__Goal of the exercise__. If a line below falls between the line with "Block Bucket Hat" and the line with "polycom vsx seri / qdx6000 remote", or is one of those two, output it exactly; output nothing else and no pictures.

__Entries shown__.

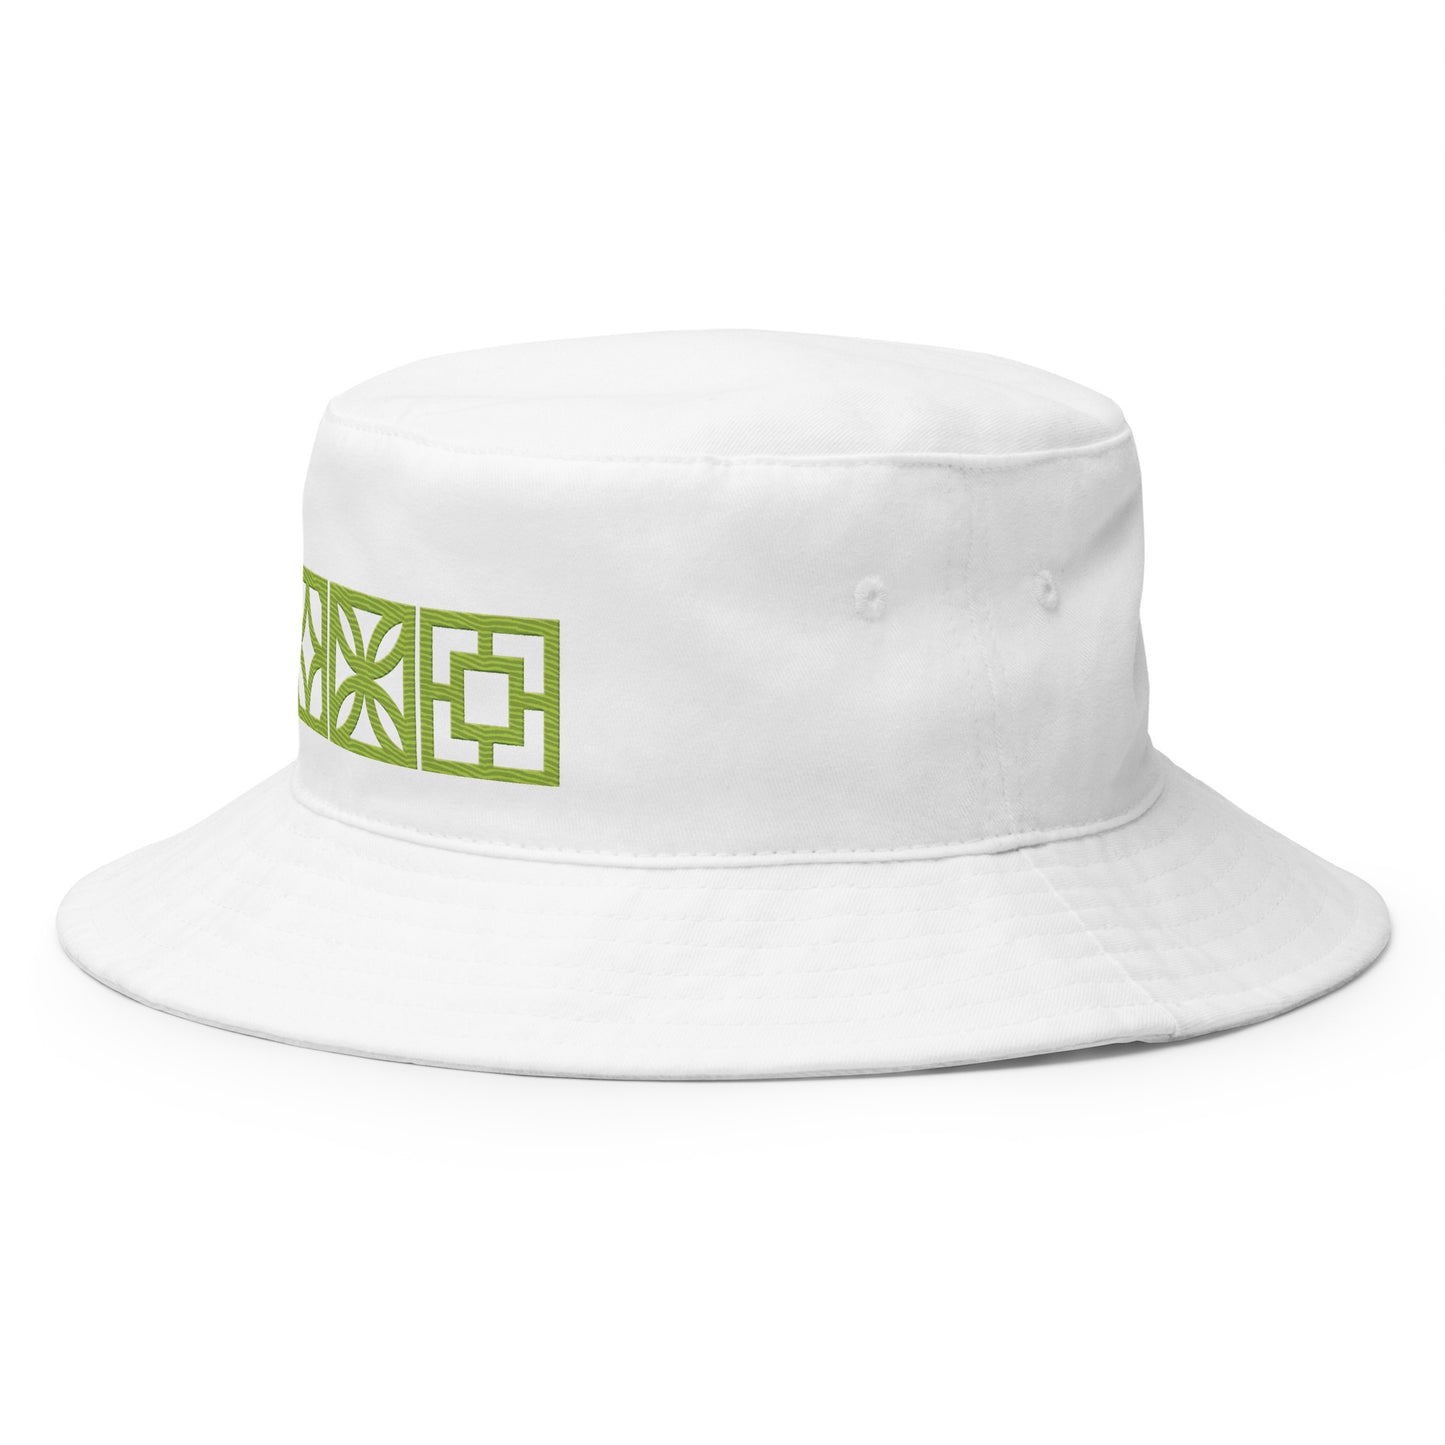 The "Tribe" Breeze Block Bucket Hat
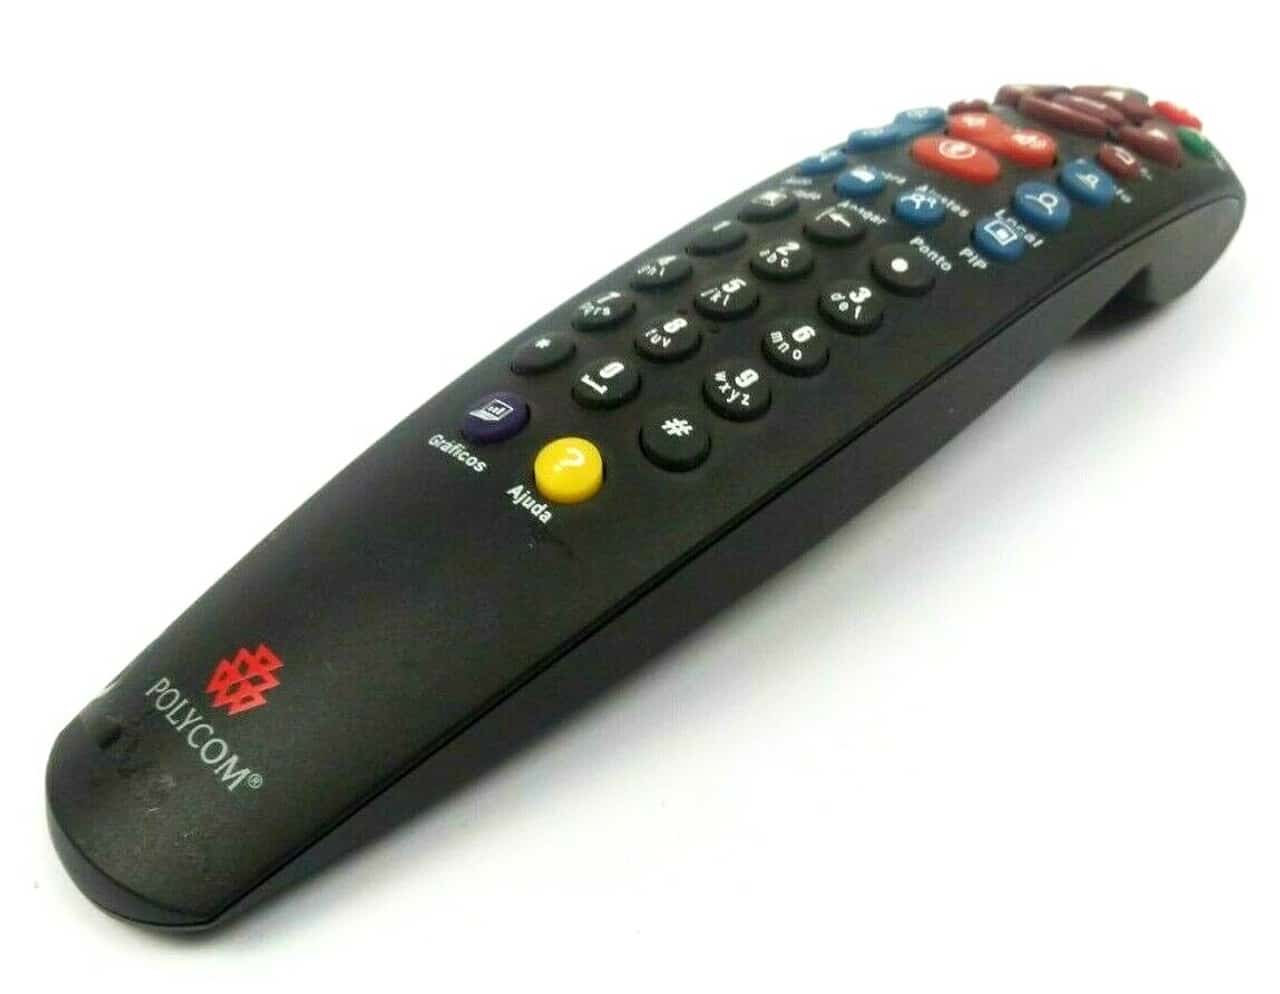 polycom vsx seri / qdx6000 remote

==

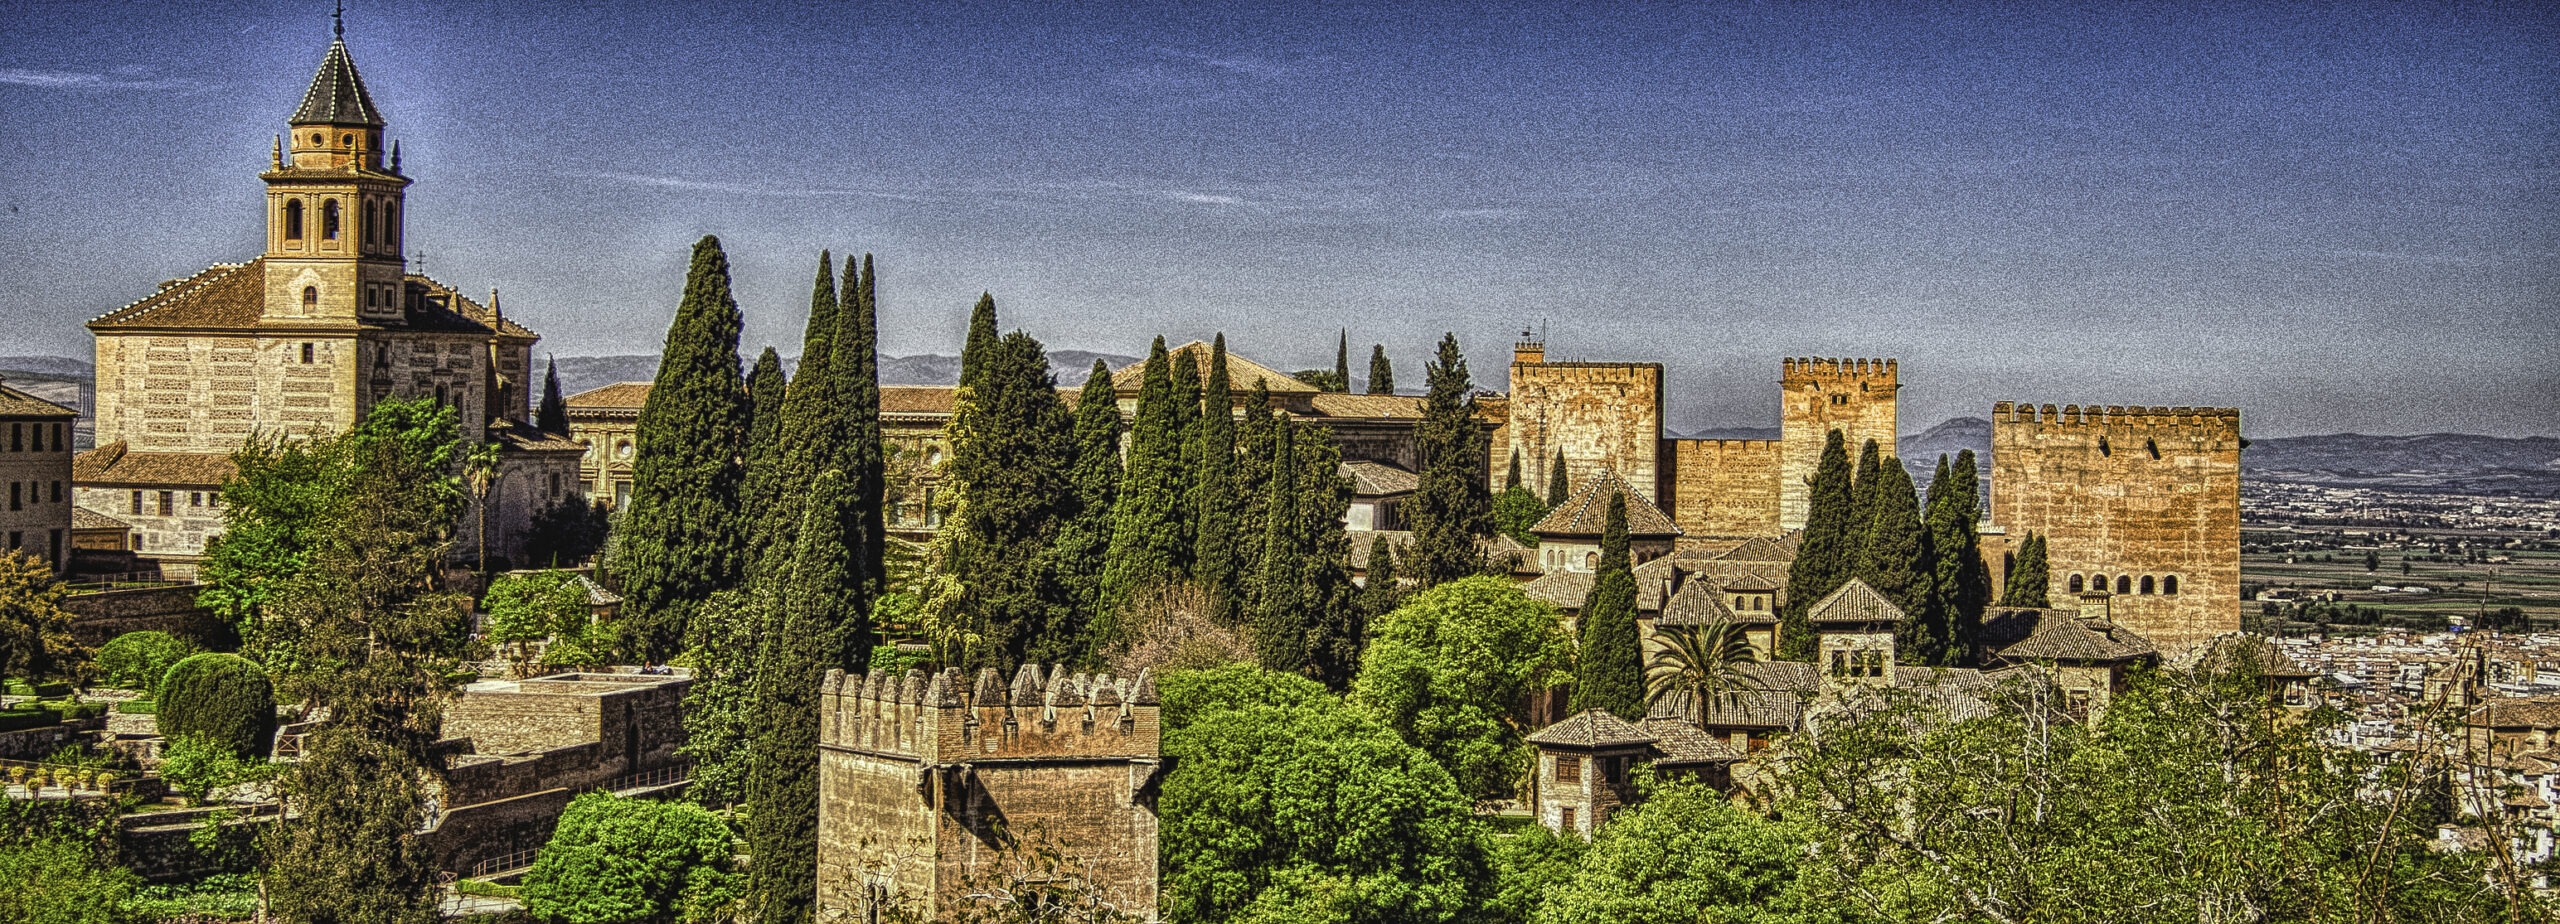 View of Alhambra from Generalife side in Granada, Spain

==

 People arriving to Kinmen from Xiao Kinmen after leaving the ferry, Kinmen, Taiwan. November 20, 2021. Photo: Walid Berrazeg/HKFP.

__Exercise solution__.
 The "Tribe" Breeze Block Bucket Hat
 polycom vsx seri / qdx6000 remote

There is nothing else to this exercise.